After adjusting for joint venture earnings attributable to noncontrolling interest and preferred dividends, we
reported net income available to OfficeMax common shareholders of $68.6 million, or $0.79 per diluted share.
Adjusted net income available to OfficeMax common shareholders, as discussed above, was $77.3 million, or
$0.89 per diluted share, for 2010 compared to $18.6 million, or $0.24 per diluted share, for 2009.
2009 Compared with 2008
Sales for 2009 decreased 12.8% to $7,212.1 million from $8,267.0 million for 2008. On a local currency
basis, sales declined 11.1%. The year-over-year sales declines occurred in both our Contract and Retail segments
and resulted primarily from the weaker economic environment that existed throughout all of 2009.
Gross profit margin decreased by 0.8% of sales (80 basis points) to 24.1% of sales in 2009 compared to
24.9% of sales in 2008. The gross profit margins declined in both our Contract and Retail segments. The Retail
segment experienced strong cost support from our vendors and reduced inventory shrinkage, the benefits of
which were more than offset by deleveraging of fixed occupancy costs and a mix shift to less profitable
technology products.
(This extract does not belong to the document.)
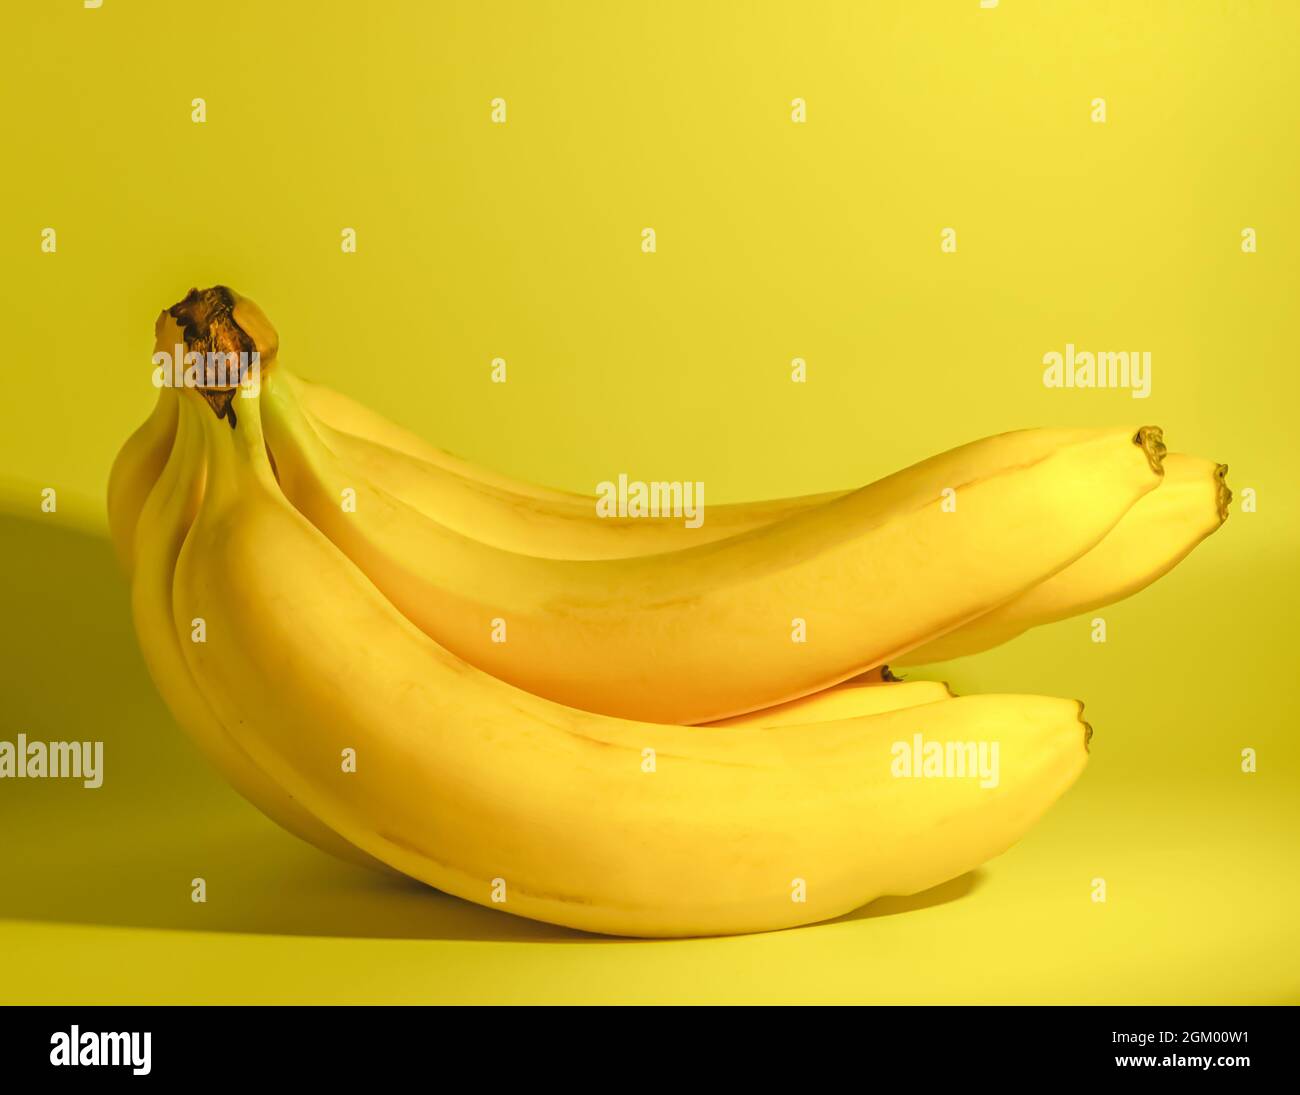 A bunch of fresh ripe bananas lies on a yellow background. Horizontal photo. Stock Photo

The Contract segment also experienced strong cost support from our vendors but earned
overall lower gross margins as a result of softer market conditions as well as a shift in its customers’ purchasing
trends to a higher percentage of lower-margin consumable items, lower sales of off-contract items, and higher
customer acquisition and retention costs.
Operating, selling and general and administrative expenses increased by 0.7% of sales to 23.2% of sales in
2009 from 22.5% of sales a year earlier. The increased expense was primarily the result of deleveraging of fixed
costs due to lower sales and increased incentive compensation and pension expenses, partially offset by reduced
payroll and other targeted cost reductions including lower headcount resulting from a significant reduction in
force at the corporate headquarters in late 2008. In addition, the Company benefited $10.0 million from a
favorable property tax settlement and the favorable resolution of a prior dispute with a service provider. Incentive
compensation expense included in operating, selling and general and administrative expenses was $64.4 million
for 2009 compared to $9.1 million for 2008.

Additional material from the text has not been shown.